Step 6 — Wire Everything Together

Python
# dashboard.py  (part 3 — append to the same file)

from report_generator import generate_report


def main():
    if len(sys.argv) < 2:
        print("Usage: python dashboard.py <path-to-csv>")
        sys.exit(1)

    csv_path = sys.argv[1]
    csv_name = os.path.basename(csv_path)

    # 1. Read
    df = read_csv(csv_path)

    # 2. Summarize
    summary = build_data_summary(df)

    # 3. Analyze
    print("Sending data to Claude for analysis...")
    analysis = analyze_with_claude(summary)

    # 4. Save JSON
    os.makedirs("output", exist_ok=True)
    json_path = "output/analysis.json"
    with open(json_path, "w") as f:
        json.dump(analysis, f, indent=2)
    print(f"Structured analysis saved to {json_path}")

    # 5. Generate report
    report = generate_report(analysis, csv_name)
    report_path = "output/report.md"
    with open(report_path, "w") as f:
        f.write(report)
    print(f"Markdown report saved to {report_path}")

    # 6. Print key insights to terminal
    print("\n=== KEY INSIGHTS ===")
    for insight in analysis["key_insights"]:
        print(f"  • {insight}")


if __name__ == "__main__":
    main()

Running the Project

Terminal

# Set your API key

# Run with any CSV
python dashboard.py sample_data.csv

Expected output

Loaded 1200 rows, 8 columns from sample_data.csv
Sending data to Claude for analysis...
Structured analysis saved to output/analysis.json
Markdown report saved to output/report.md

=== KEY INSIGHTS ===
  • Revenue grew 23% quarter-over-quarter driven by the Enterprise segment.
  • Customer churn spiked in March — investigate support ticket volume.
  • The "price" column has 3 outliers above $10,000 that may be data entry errors.

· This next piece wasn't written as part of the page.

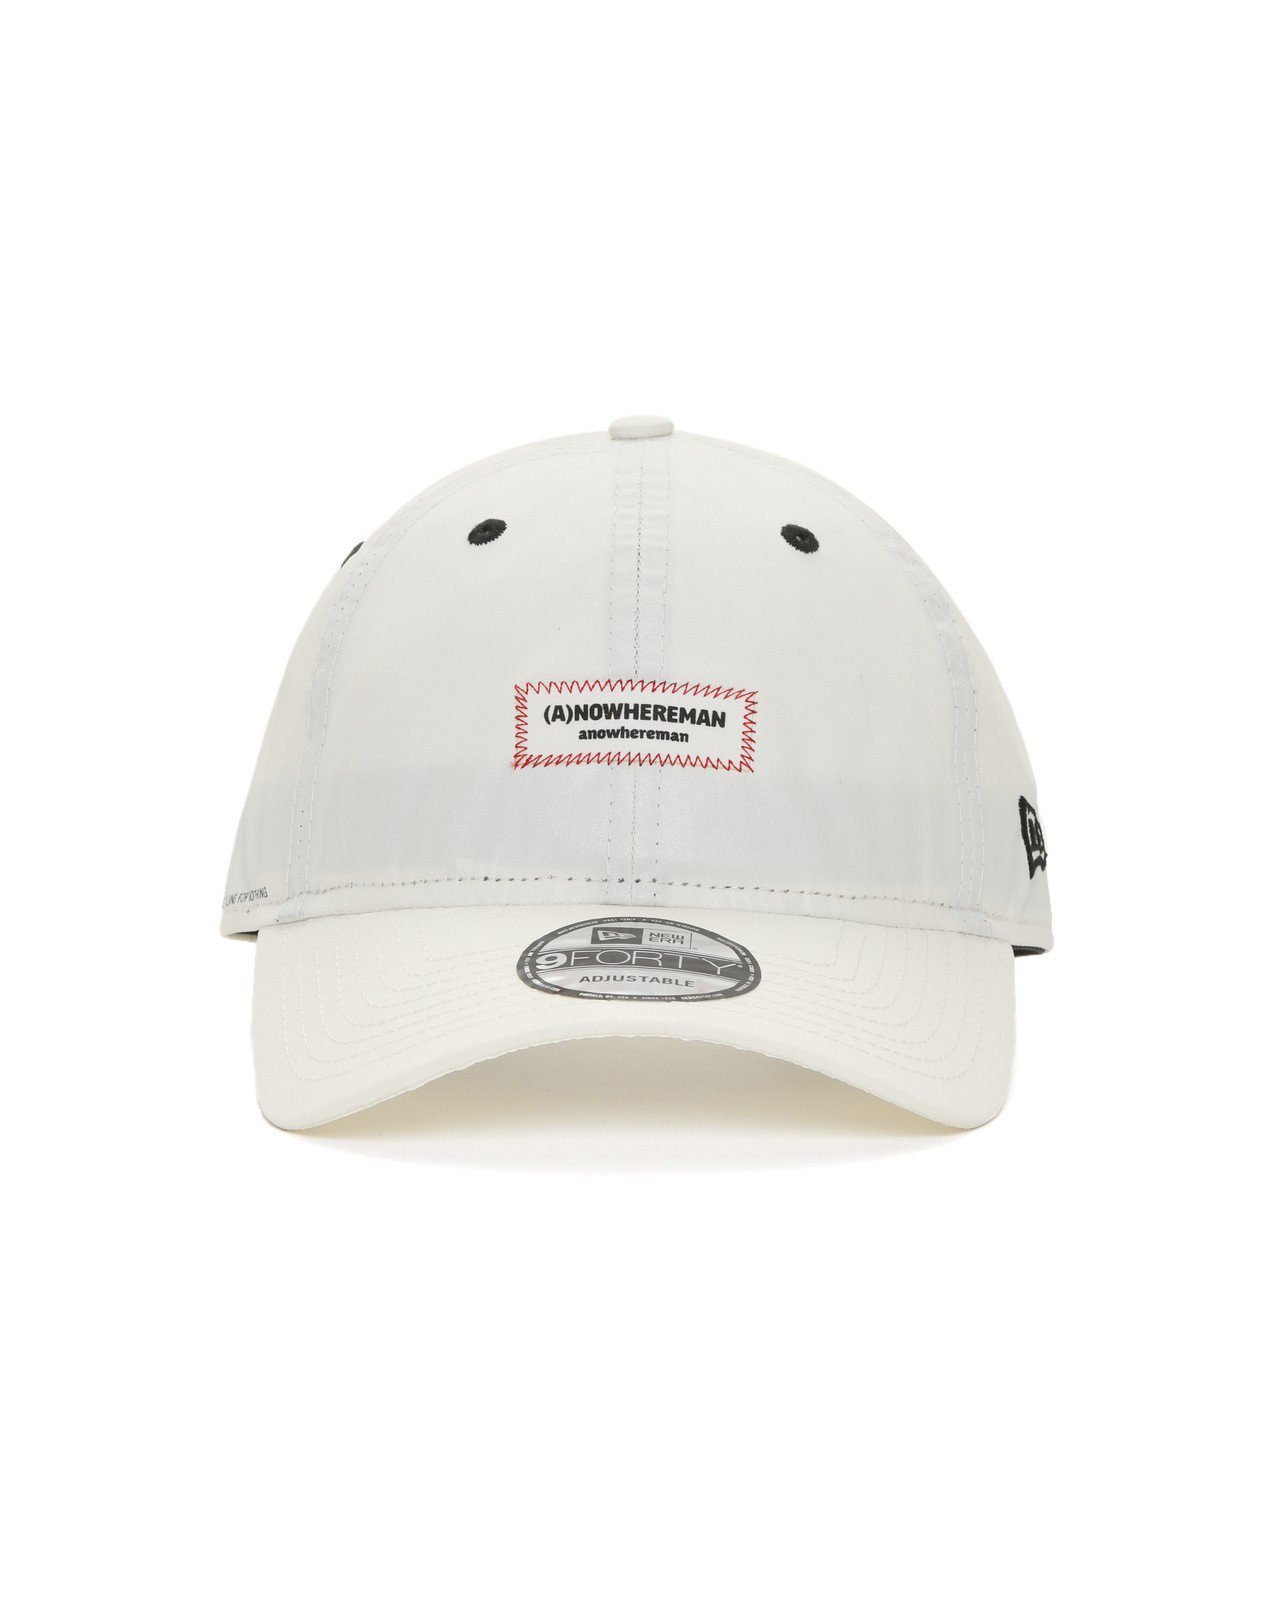 (A)NOWHEREMAN x NEW ERA聯名帽款,經典9FORTY老帽2,...

Step 7 — Adding a Sample CSV for Testing

Create a quick test file so you can try the pipeline immediately:

Python
# generate_sample.py

np.random.seed(42)
n = 500

data = {
    "date": pd.date_range("2024-01-01", periods=n, freq="D"),
    "revenue": np.random.normal(5000, 1200, n).round(2),
    "customers": np.random.poisson(150, n),
    "region": np.random.choice(["North", "South", "East", "West"], n),
    "product": np.random.choice(["Basic", "Pro", "Enterprise"], n, p=[0.5, 0.35, 0.15]),
    "satisfaction": np.clip(np.random.normal(4.0, 0.8, n), 1, 5).round(1),
}

df = pd.DataFrame(data)

# Inject a few outliers
df.loc[42, "revenue"] = 25000.00
df.loc[99, "revenue"] = -500.00
df.loc[200, "satisfaction"] = 1.0

df.to_csv("sample_data.csv", index=False)
print(f"Generated sample_data.csv with {len(df)} rows")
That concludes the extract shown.